Our health care spending, in one map
Alaska and Massachusetts don’t tend to have much in common when it comes to health care, but they do have this: The two spend vastly more per capita on health care than any other state in the country.
That’s among the findings from a new, decade-long review of state health care spending published Wednesday by the Center for Medicare and Medicaid Services. It found huge geographic variations that can’t be explained away by any one factor. Here’s what the map looks like:
Health care spending in the United States ranges from a high of $9,278 per person in Massachusetts to $5,031 in Utah. On average, it hovers at $6,815 per person, a $1,300 increase from just over a decade ago, in 1998.
Income accounts for a lot of it. The cluster of northeastern states with high health care costs also have residents with more income, a factor previous studies have found to correlate with more medical spending. “Eight of the top ten states, including Massachusetts, Connecticut, and New York, are ranked in the top third in the nation for annual personal income per capita,” the researchers note.
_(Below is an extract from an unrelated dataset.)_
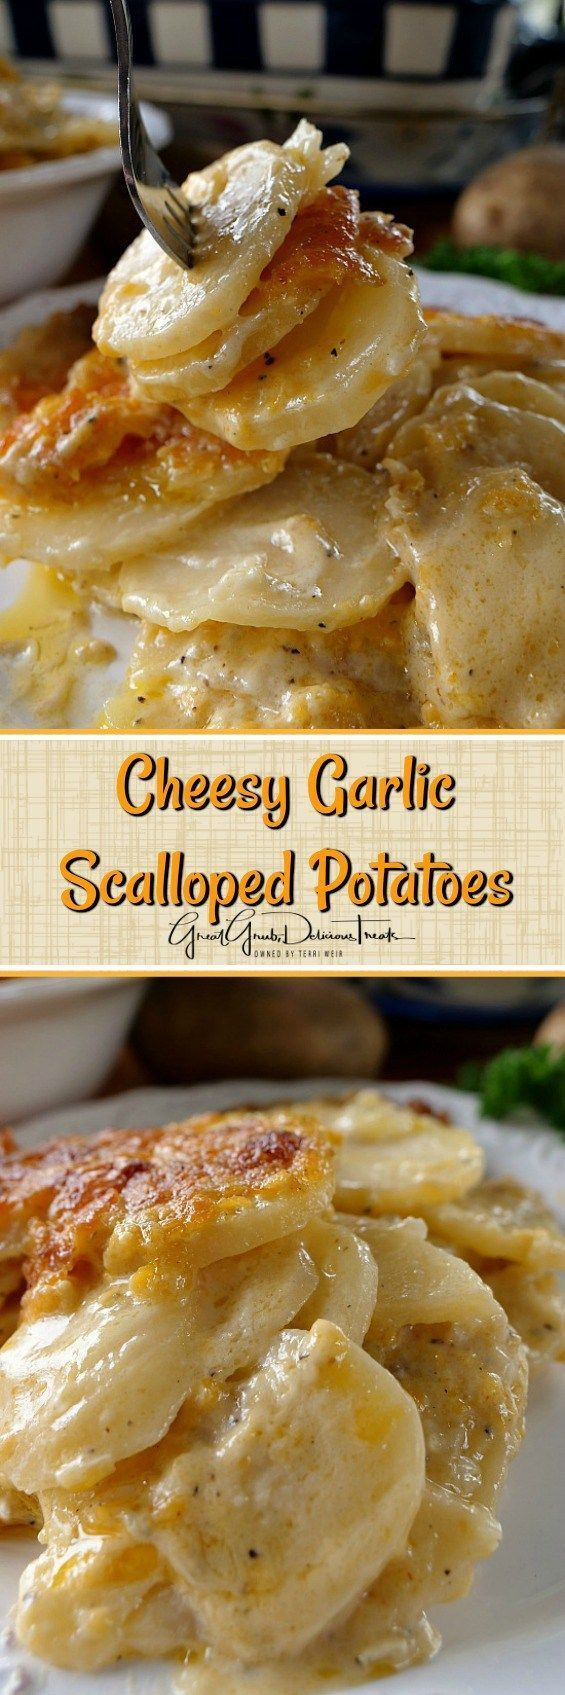 scalloped cheesy garlic potatoes. easy delicious fast recipes.

But when the researchers really dug into the numbers, they found other factors matter too. States with a higher rate of females between ages 20 and 44, for example, tend to have higher health care costs, likely due to spending associated with pregnancies. Alaska and Maine’s high health care costs are largely driven by high Medicaid costs. The two states spend more on the entitlement program than others. North Dakota - the bright blue state that stands out in the North - remains a bit of a mystery. The state does not have particularly high incomes, nor are its Medicaid enrollment numbers much different from the states around it, although the state’s Medicaid enrollees do tend to be slightly older, presumably coming with higher health care costs.
As for what the low spending states have in common, the researchers settle on one key factor: “relatively younger populations with less access to health insurance.” That leads the researchers to hypothesize these states will see a higher impact from the health reform law’s Medicaid expansion, which will likely extend insurance to more low-income Americans, who disproportionately tend to be a younger population. Come 2014, we’ll likely be looking at a very different map.